INSTRUCTIONS FOR THE TASK: Set the whole listing down again, word for word, with no pictures.

COLLECTED DATA:
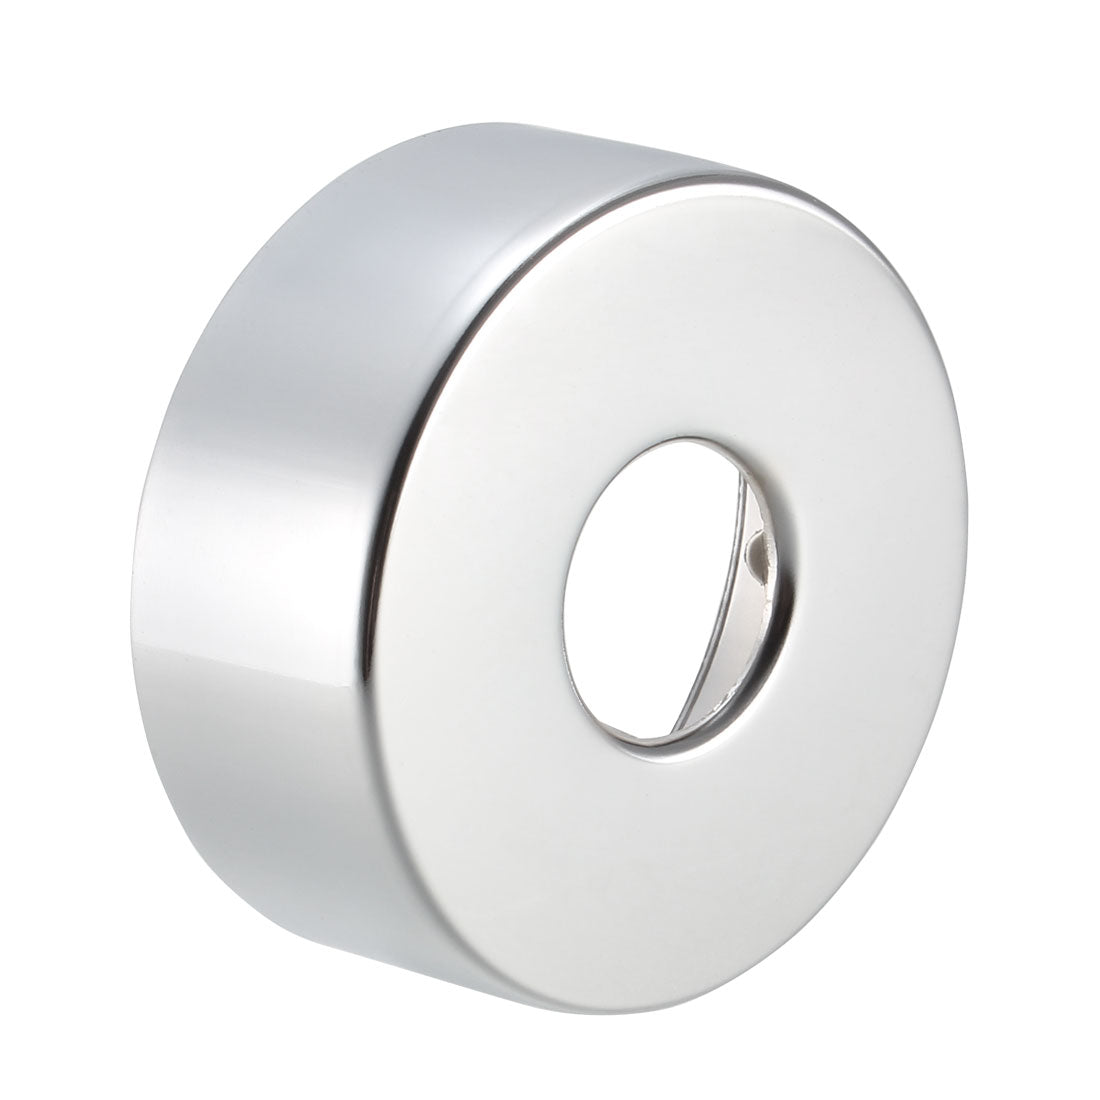 Uxcell Uxcell Round Escutcheon Plate 67x40mm Stainless Steel Polishing for 21mm Outer Diameter Pipe
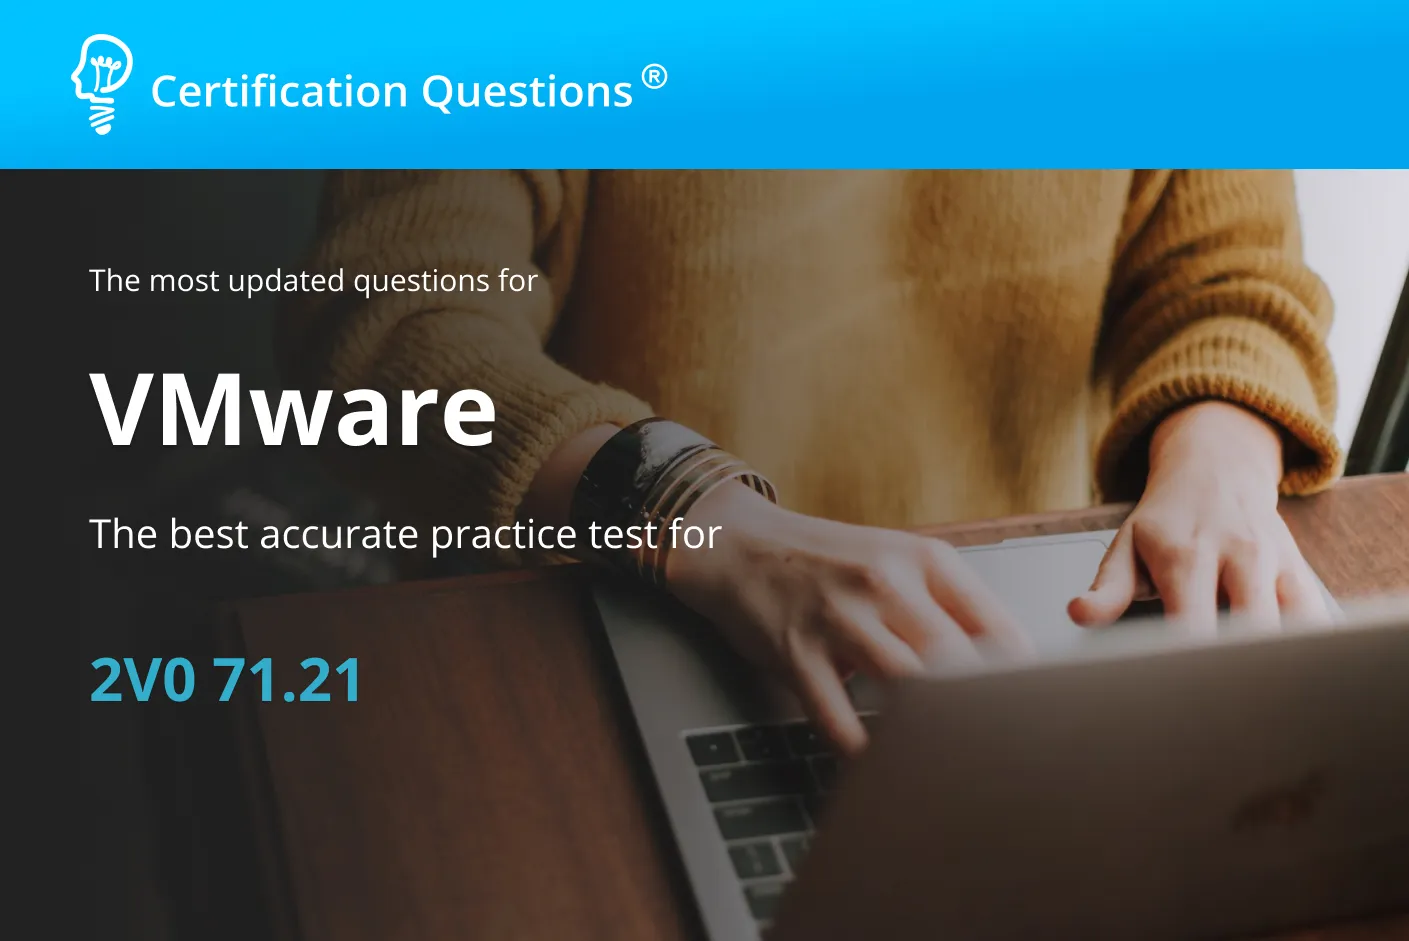 This image is related to VMware Application Modernization Practice test
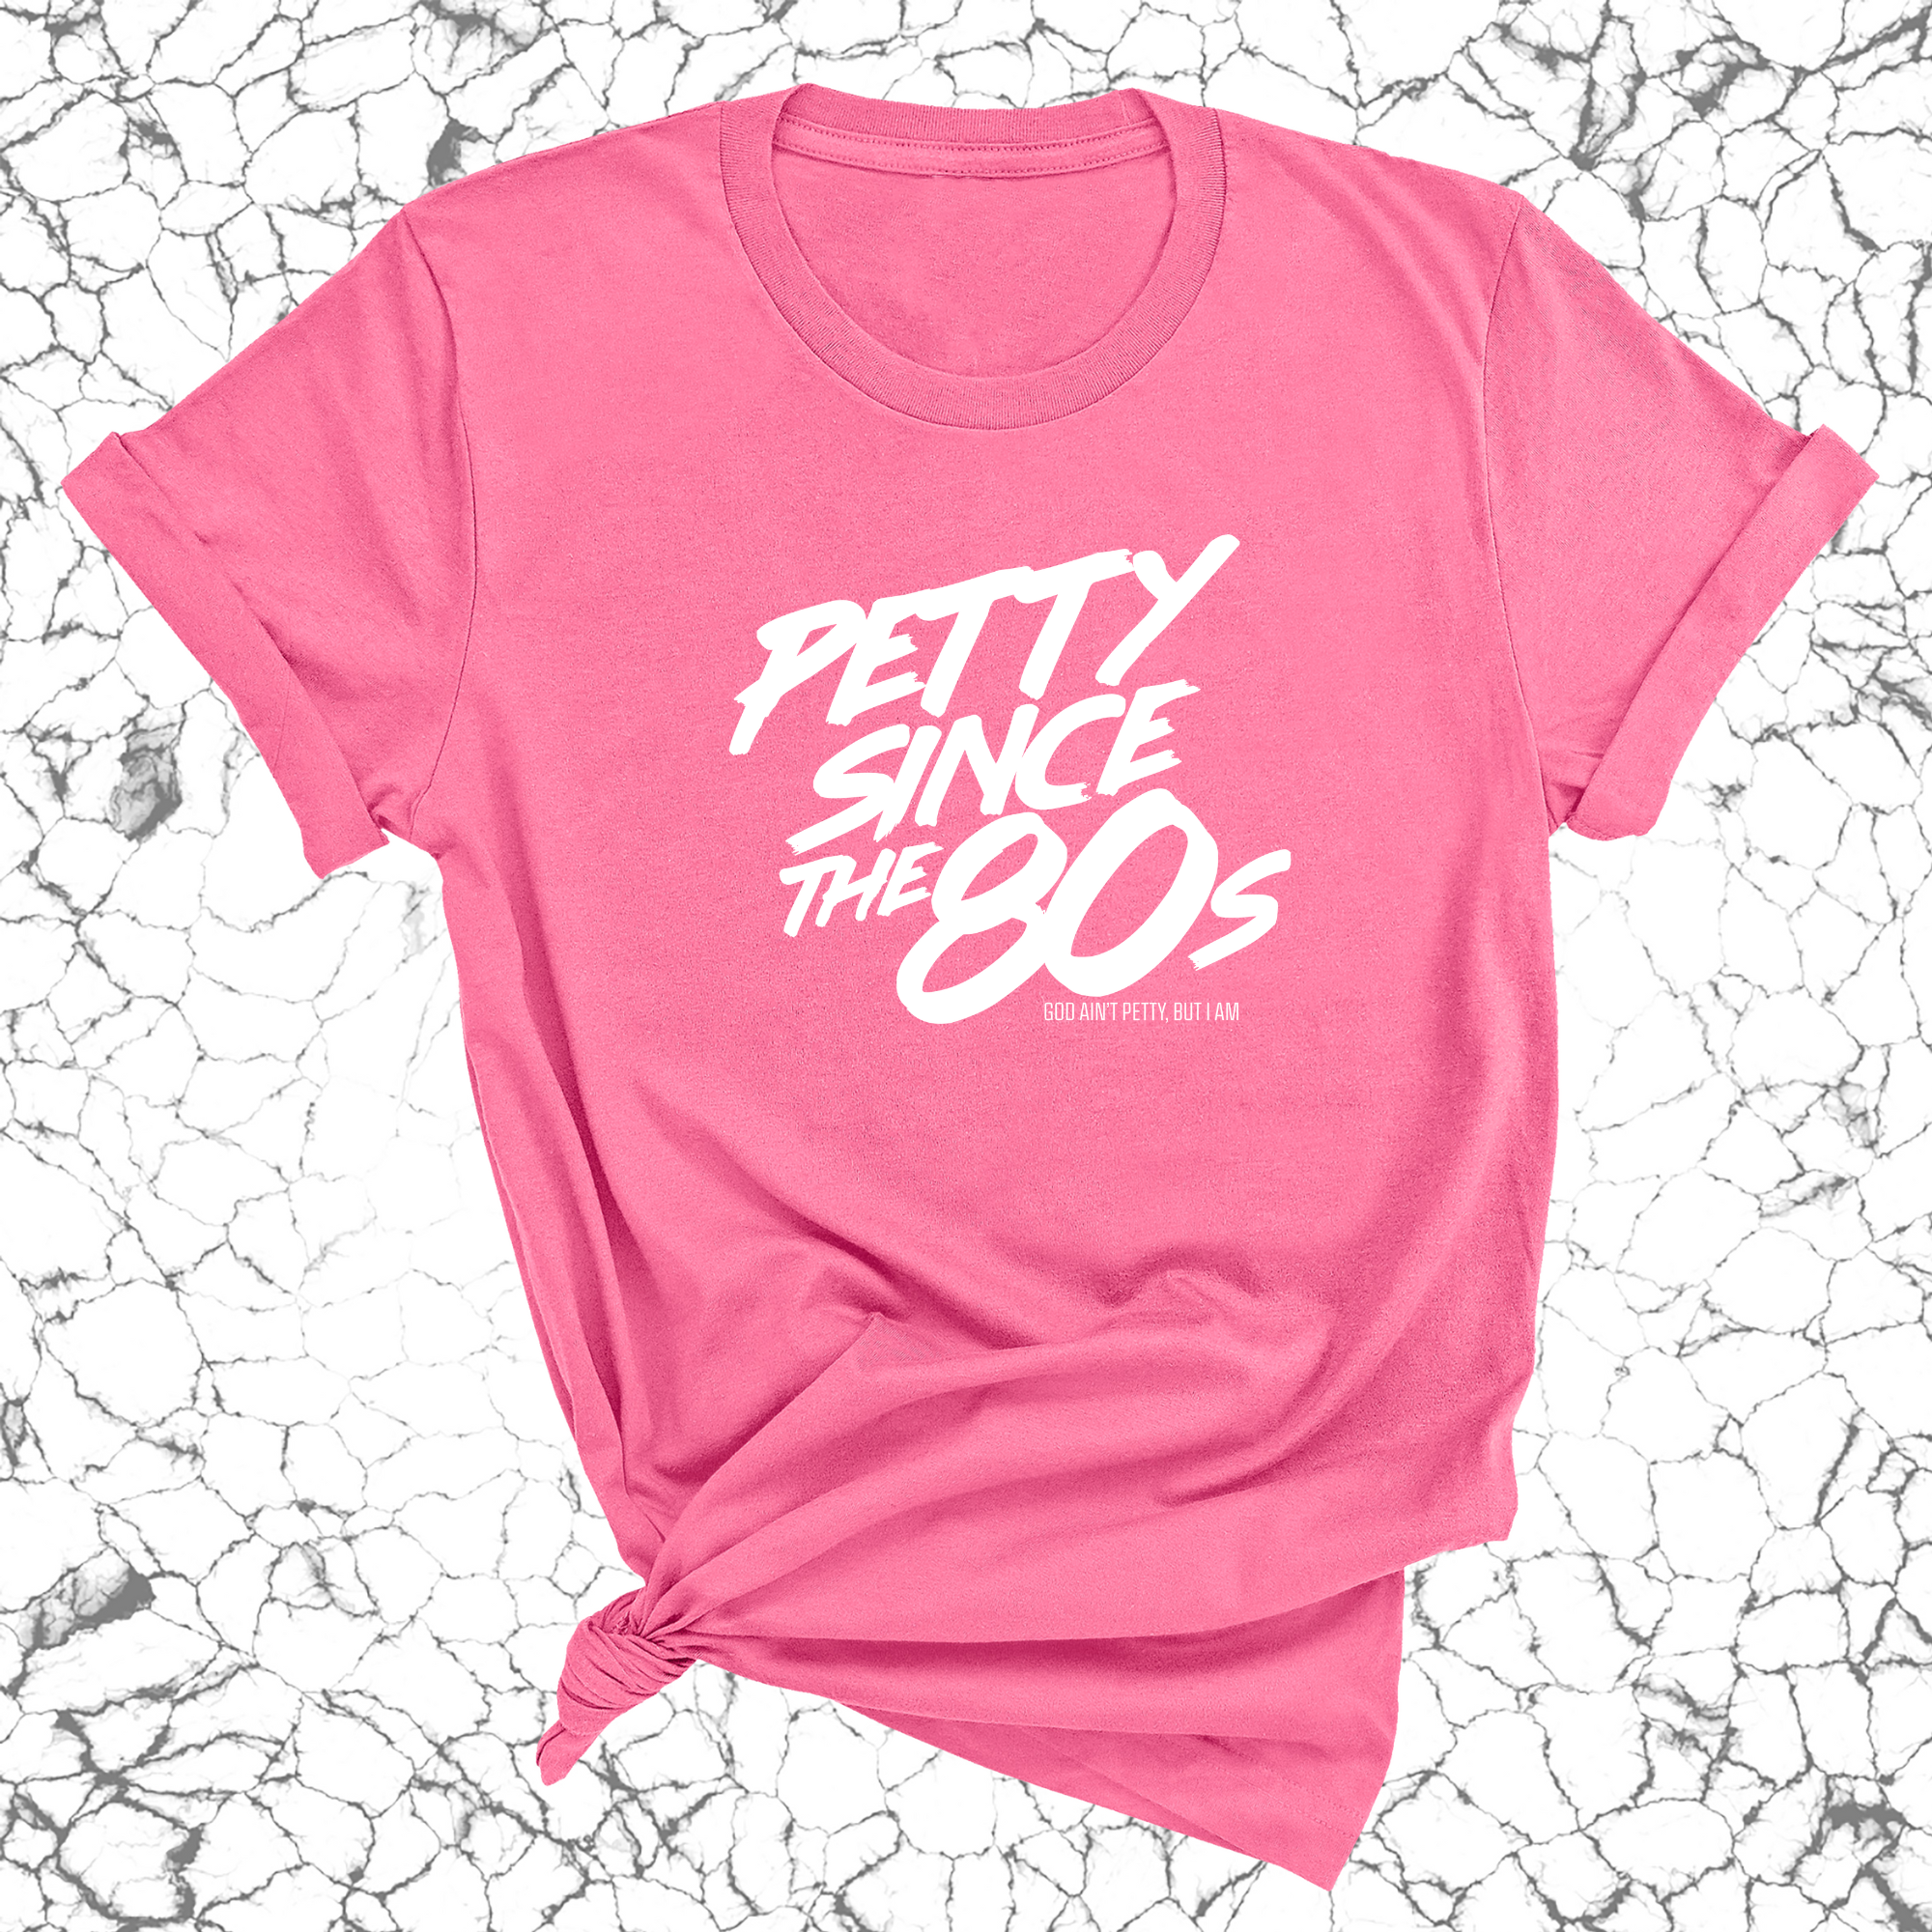 Petty Since the 80s Unisex Tee-T-Shirt-The Original God Ain't Petty But I Am

SOLUTION BELOW:
 Uxcell Uxcell Round Escutcheon Plate 67x40mm Stainless Steel Polishing for 21mm Outer Diameter Pipe
 This image is related to VMware Application Modernization Practice test
 Petty Since the 80s Unisex Tee-T-Shirt-The Original God Ain't Petty But I Am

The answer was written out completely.